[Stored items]
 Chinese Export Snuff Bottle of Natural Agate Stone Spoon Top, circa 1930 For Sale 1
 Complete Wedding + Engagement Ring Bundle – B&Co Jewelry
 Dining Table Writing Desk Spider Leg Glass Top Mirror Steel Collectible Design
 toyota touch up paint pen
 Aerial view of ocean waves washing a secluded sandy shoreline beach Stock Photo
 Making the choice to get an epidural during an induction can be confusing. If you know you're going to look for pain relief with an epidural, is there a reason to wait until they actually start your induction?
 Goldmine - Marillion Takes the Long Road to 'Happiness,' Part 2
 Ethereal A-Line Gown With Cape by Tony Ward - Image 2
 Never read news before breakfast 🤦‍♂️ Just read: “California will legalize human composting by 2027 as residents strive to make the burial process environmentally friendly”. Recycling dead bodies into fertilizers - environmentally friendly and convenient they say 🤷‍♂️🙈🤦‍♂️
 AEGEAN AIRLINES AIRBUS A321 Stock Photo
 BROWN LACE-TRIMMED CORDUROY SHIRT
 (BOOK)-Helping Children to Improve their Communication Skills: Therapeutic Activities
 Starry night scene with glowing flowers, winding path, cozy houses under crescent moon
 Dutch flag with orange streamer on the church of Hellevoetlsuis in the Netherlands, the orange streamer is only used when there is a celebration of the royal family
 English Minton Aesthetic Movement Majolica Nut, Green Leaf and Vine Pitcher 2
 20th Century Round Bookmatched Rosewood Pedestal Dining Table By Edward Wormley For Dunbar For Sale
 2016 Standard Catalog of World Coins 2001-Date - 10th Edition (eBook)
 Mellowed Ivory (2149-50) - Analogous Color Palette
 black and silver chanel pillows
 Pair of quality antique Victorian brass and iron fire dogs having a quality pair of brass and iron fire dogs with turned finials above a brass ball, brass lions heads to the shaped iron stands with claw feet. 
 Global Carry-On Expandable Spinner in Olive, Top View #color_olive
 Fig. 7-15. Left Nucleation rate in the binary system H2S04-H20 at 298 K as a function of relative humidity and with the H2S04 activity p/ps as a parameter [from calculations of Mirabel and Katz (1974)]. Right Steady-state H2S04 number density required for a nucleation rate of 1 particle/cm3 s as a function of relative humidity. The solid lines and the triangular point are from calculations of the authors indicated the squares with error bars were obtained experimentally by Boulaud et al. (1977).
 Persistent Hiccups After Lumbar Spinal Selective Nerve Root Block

* _Work request_: Give again, exactly as written, the lines running from the first line of the data above through the line that contains "Aerial view of".

* _Exercise output_:
 Chinese Export Snuff Bottle of Natural Agate Stone Spoon Top, circa 1930 For Sale 1
 Complete Wedding + Engagement Ring Bundle – B&Co Jewelry
 Dining Table Writing Desk Spider Leg Glass Top Mirror Steel Collectible Design
 toyota touch up paint pen
 Aerial view of ocean waves washing a secluded sandy shoreline beach Stock Photo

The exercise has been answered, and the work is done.